Fishing in Iraq

Stars & Stripes:

It was well after dark and the musty waters of the Euphrates River had taken on the color of greased gunmetal as they skirted the city.

A rickety fishing boat coasted silently along the reed-choked banks and closed distance with a group of jet boats piloted by U.S. Marines. The patrol had been uneventful until now, but when the beam of an infrared spotlight revealed electric wires and no passengers in the Jon boat, the Marines grew concerned.

“Please let that not be a waterborne IED,” Capt. Shane Cote, 35, of Deep River, Conn., said as one of his Small Unit Riverine Crafts, or SURCs, motored ahead to inspect the boat.

Cote’s worry turned to relief when crewmen radioed back that the vessel contained no explosives. The wires were probably left behind by one of the many Iraqi fishermen who specialize in a form of angling called electro-shock fishing.

Instead of using a rod and a reel, the Iraqi sportsmen use a flashlight to blind and confuse river fish. They then shock the fish by jabbing it with an electrode hot-wired to a battery or generator. The angler then uses a net to scoop the fish out of the river.
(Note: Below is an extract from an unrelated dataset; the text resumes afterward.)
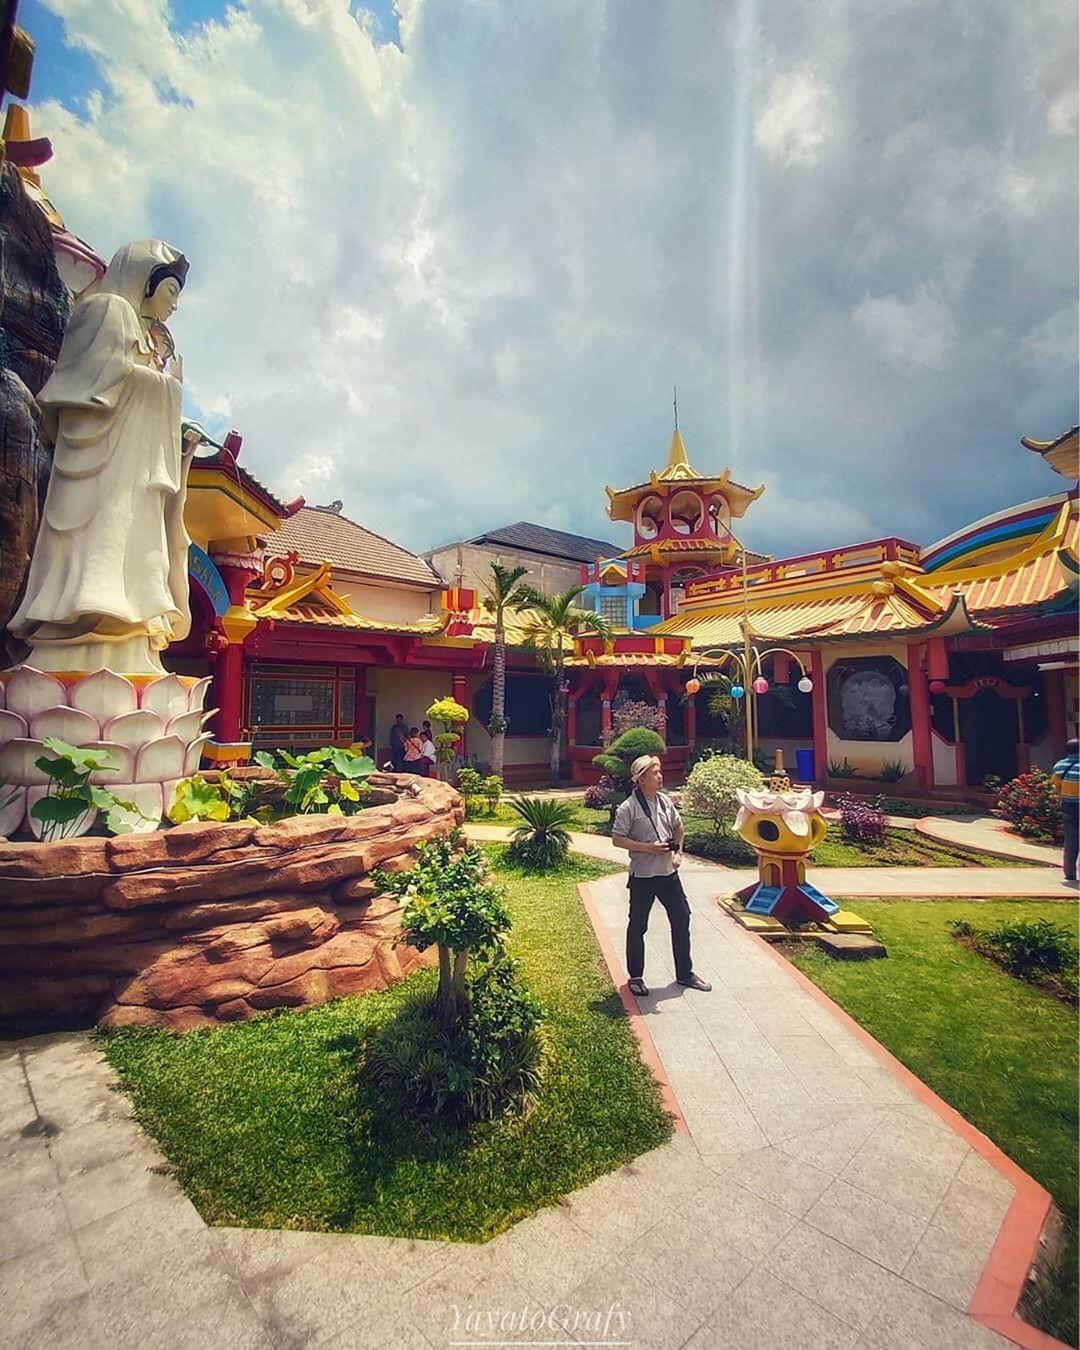 , 5 klenteng dan Vihara Bersejarah Yang Ada di Tangerang, INFO TANGERANG, INFO TANGERANG

“It’s wild,” Cote said of the fishing technique. “These people do the most dangerous things.”

In the last several months, though, Cote and his boat crews have had a lot more dangerous things to worry about than electric fishing devices.

As U.S. troops wage a renewed campaign to rid Ramadi of insurgents and criminal gangs, Cote’s Dam Security Unit Two has played a growing role in efforts to capture key cell leaders and interdict insurgent mortar and rocket teams who have taken to the river to avoid checkpoints on land.

At the same time, Cote’s men have found themselves shooting their way out of riverbank ambushes or taking cover from waterfront mortar attacks.

...

There is more. The fishing part of the story reminds me of a joke about a game warden who sees a guy with a big stringer of fish and asks him where he caught them. The fisherman offers to take him out and show him and the next day as they anchor, the fisherman takes a stick of dynamite out of his tackle box, lights the fuse, and throws it in the water and when the stunned fish rise to the surface he scoops them up with his net. The game warden is stunned and says I can't believe what you just did. The fisherman lights the fuse on another stick of dynamite that he pulled from his tackle bax and he hands it to the game warden and says, "you gonna talk, or fish?"